**About this exercise**
All lines from the one holding "Photo of Green" to the end of the listing are to be output exactly, both ends included, with any pictures left out.

**Exercise data**
Segment Open

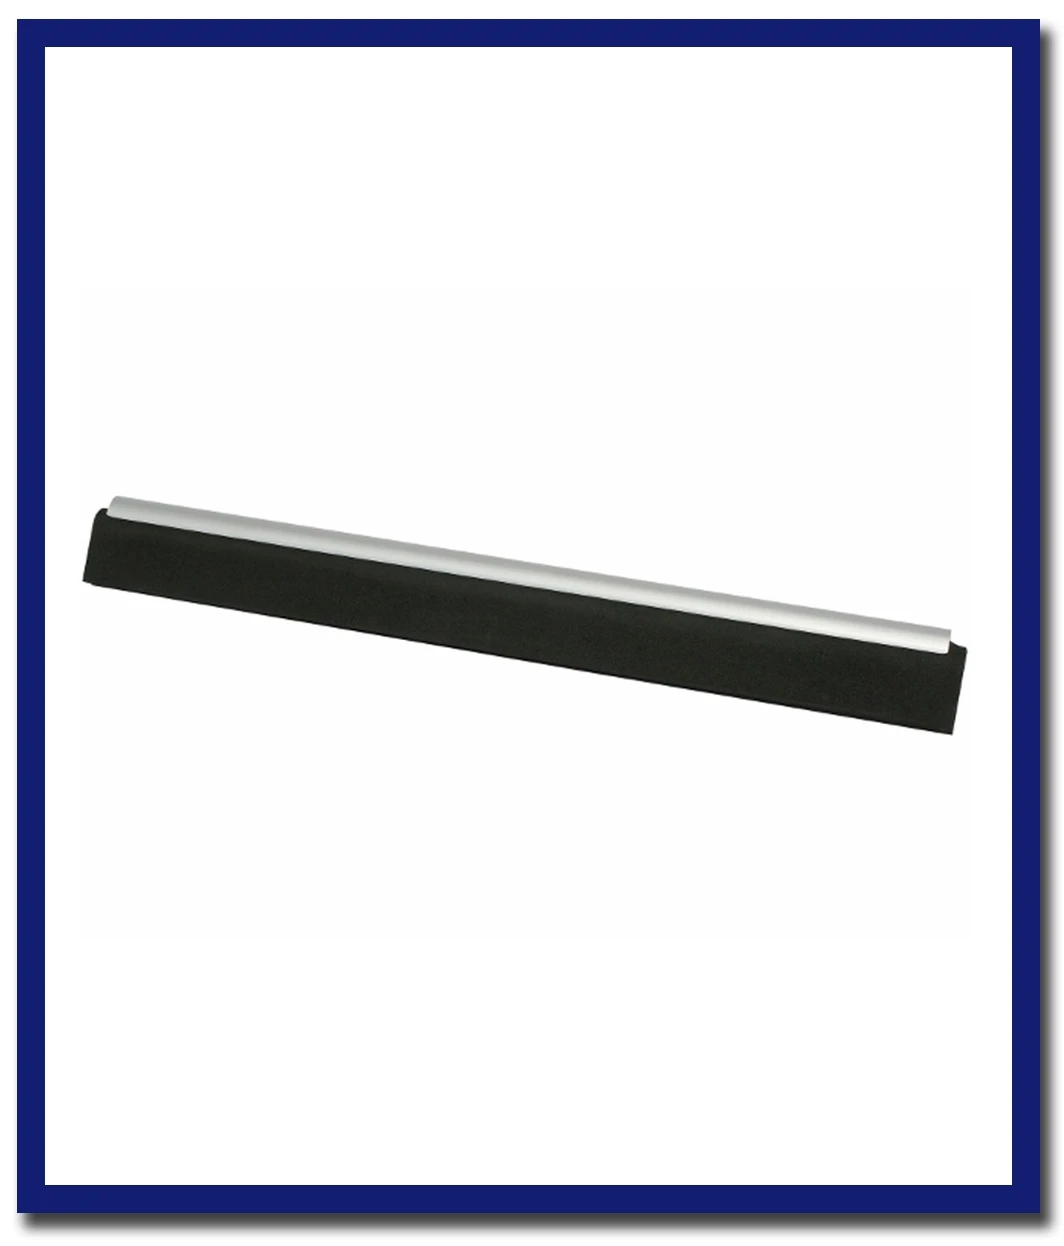 Edco Black Neoprene Floor Squeegee Refill - 1 Pc - Stone Doctor Australia - Cleaning Products > Floor Squeegee > Refill
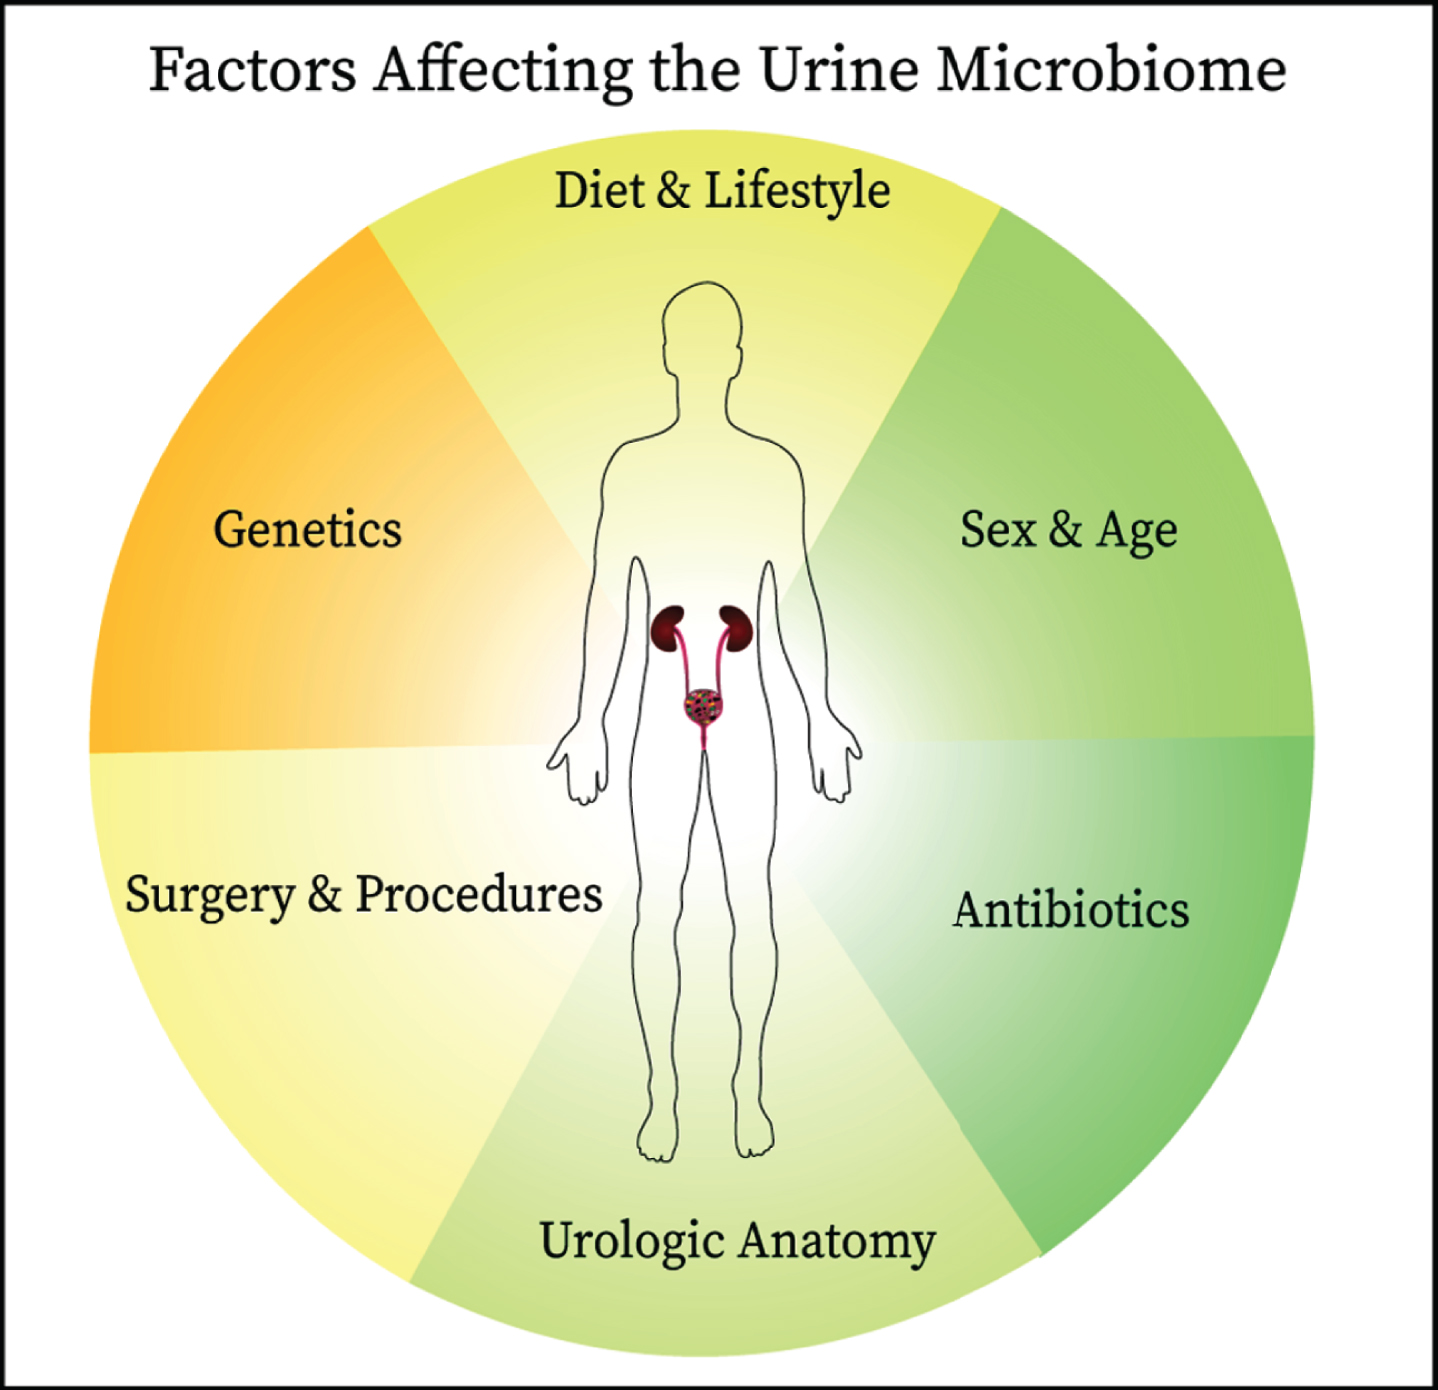 Since the establishment of the presence of commensal microbes in the urinary of healthy individuals, links have been identified between the urine microbiome and bladder cancer oncogenesis and therapeutic responsiveness. The interplay between the urine microbiome and host is complex and affected by other factors including antibiotic use, anatomical structures, surgical manipulation, diet, genetics, and age all are likely to influence the composition of urine microbiome. These factors should be considered when designing studies on the urine microbiome.
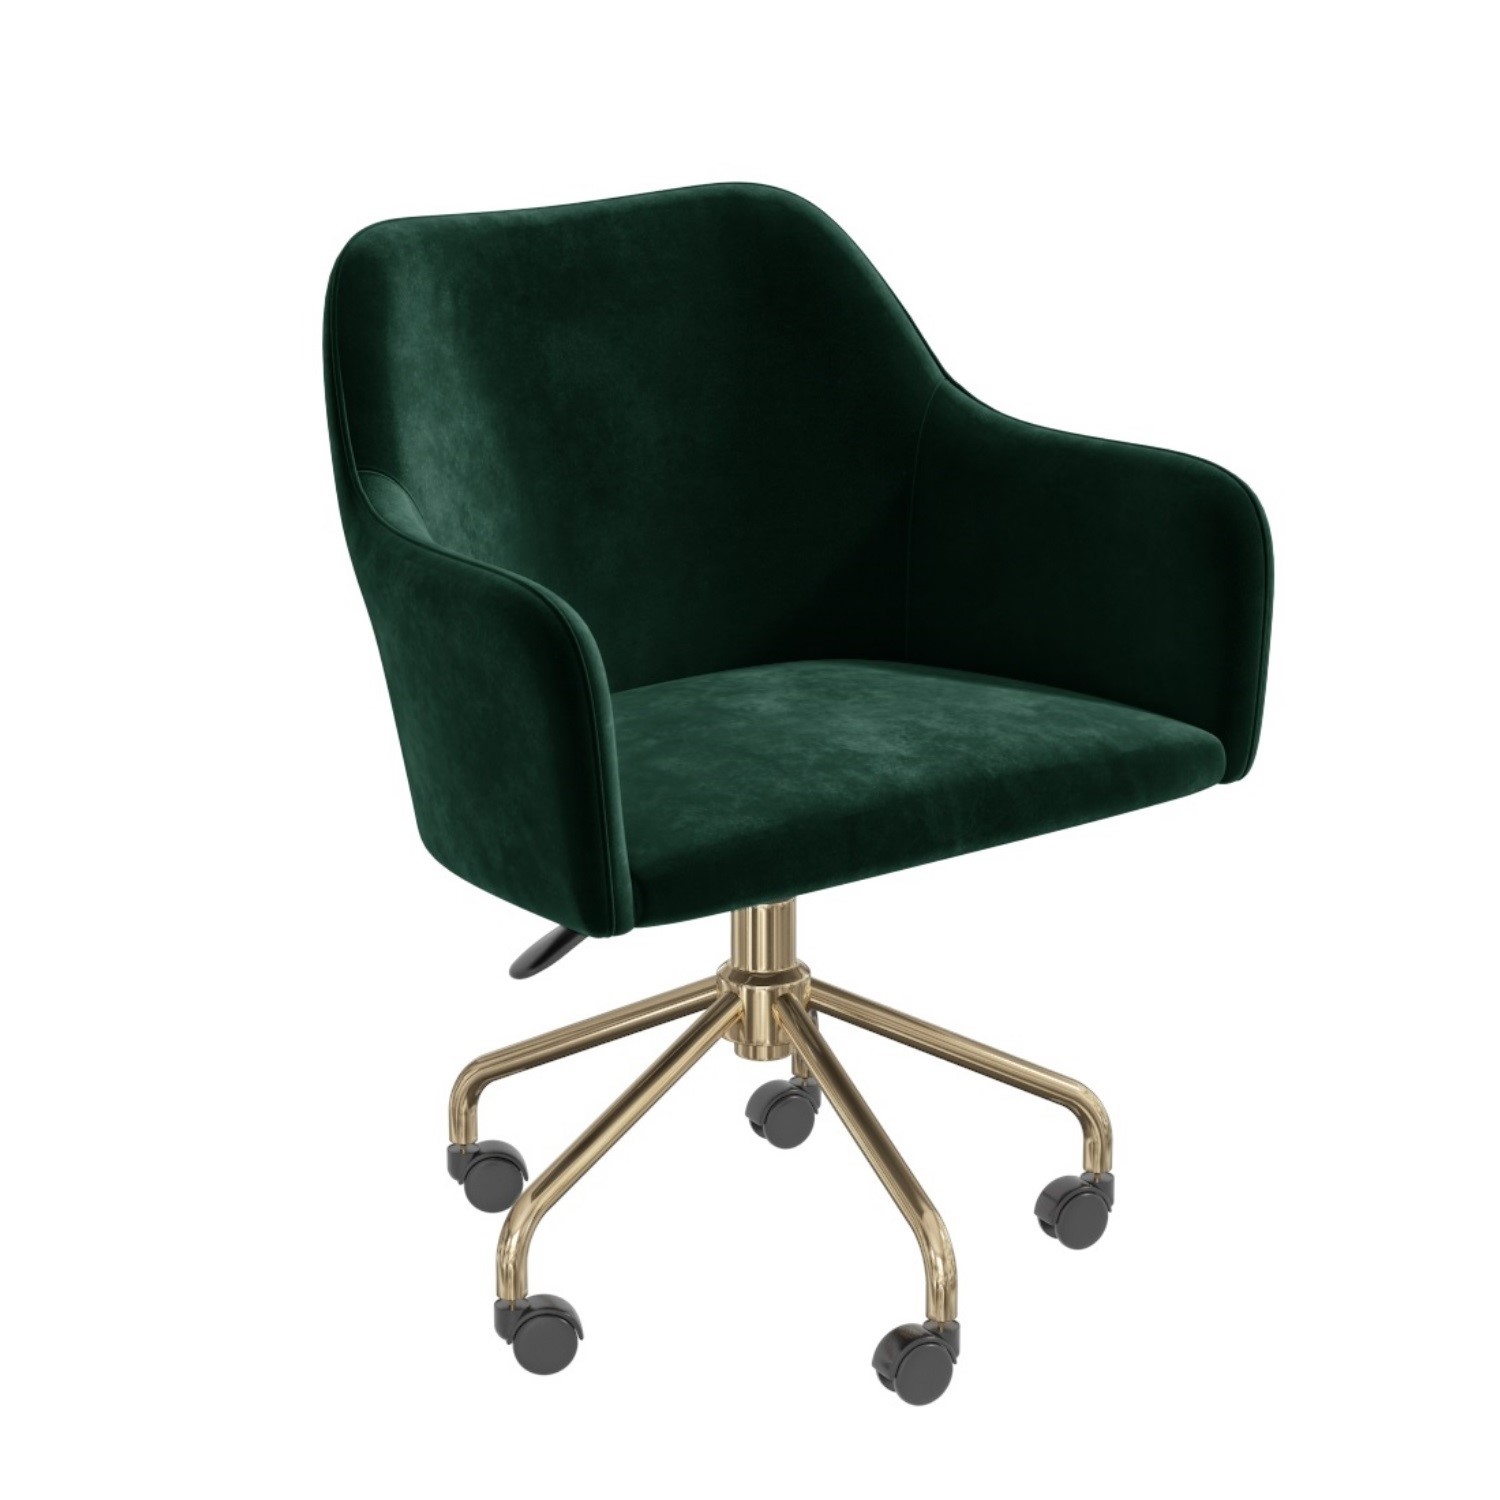 Photo of Green velvet office chair with arms - marley
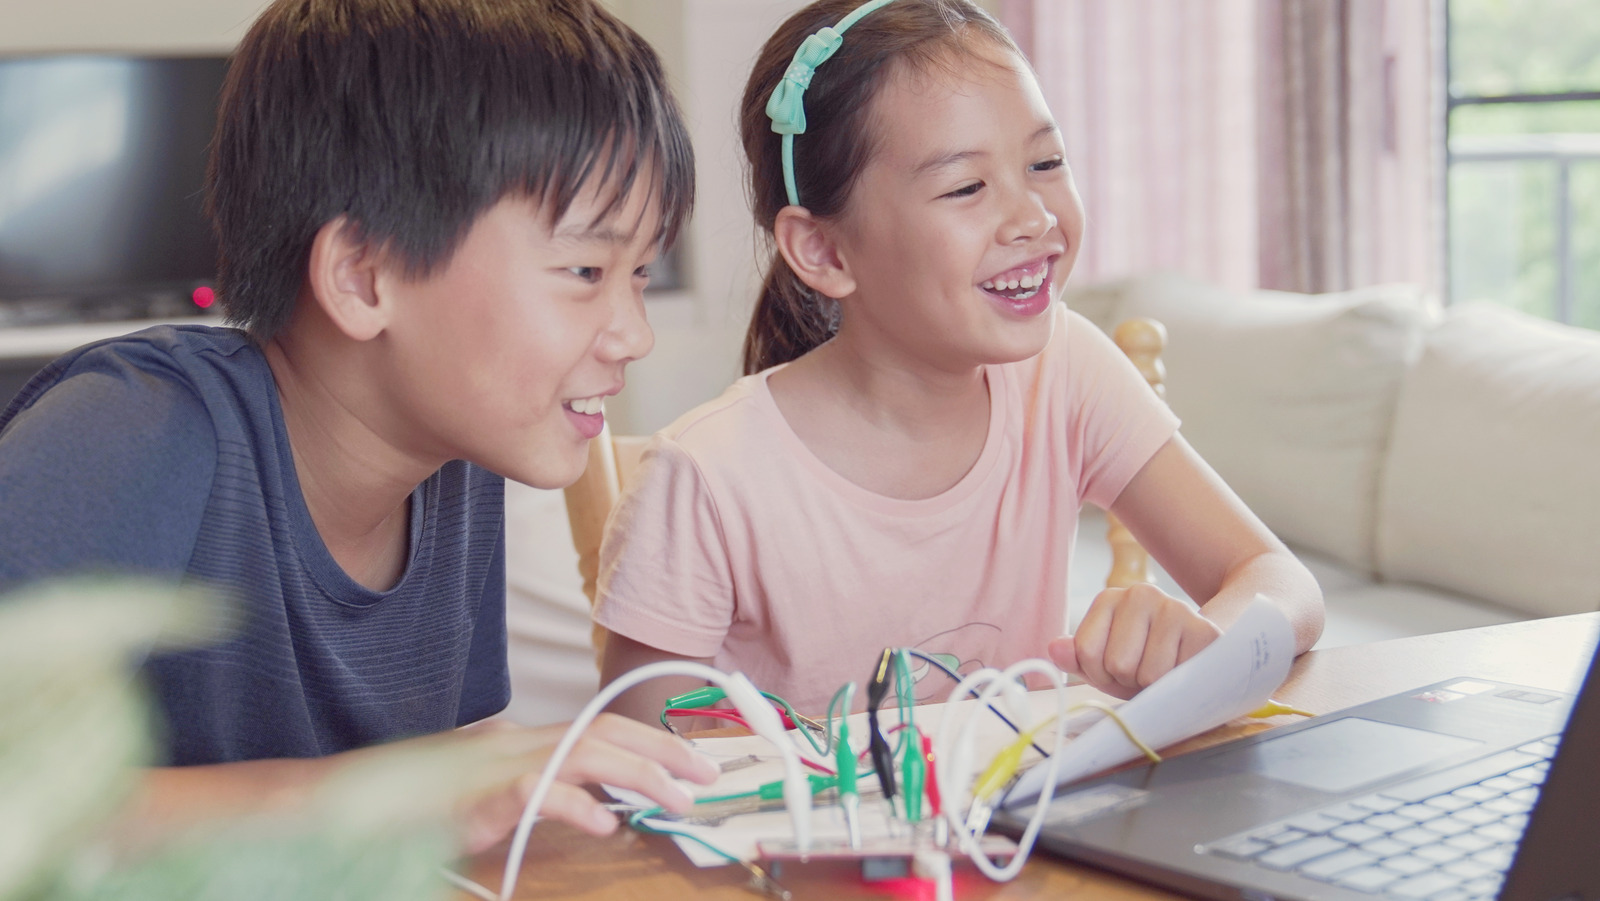 What Are Makey Makey Apps & What Devices Can You Run Them On?

Segment Closed

**Expected answer**
 Photo of Green velvet office chair with arms - marley
 What Are Makey Makey Apps & What Devices Can You Run Them On?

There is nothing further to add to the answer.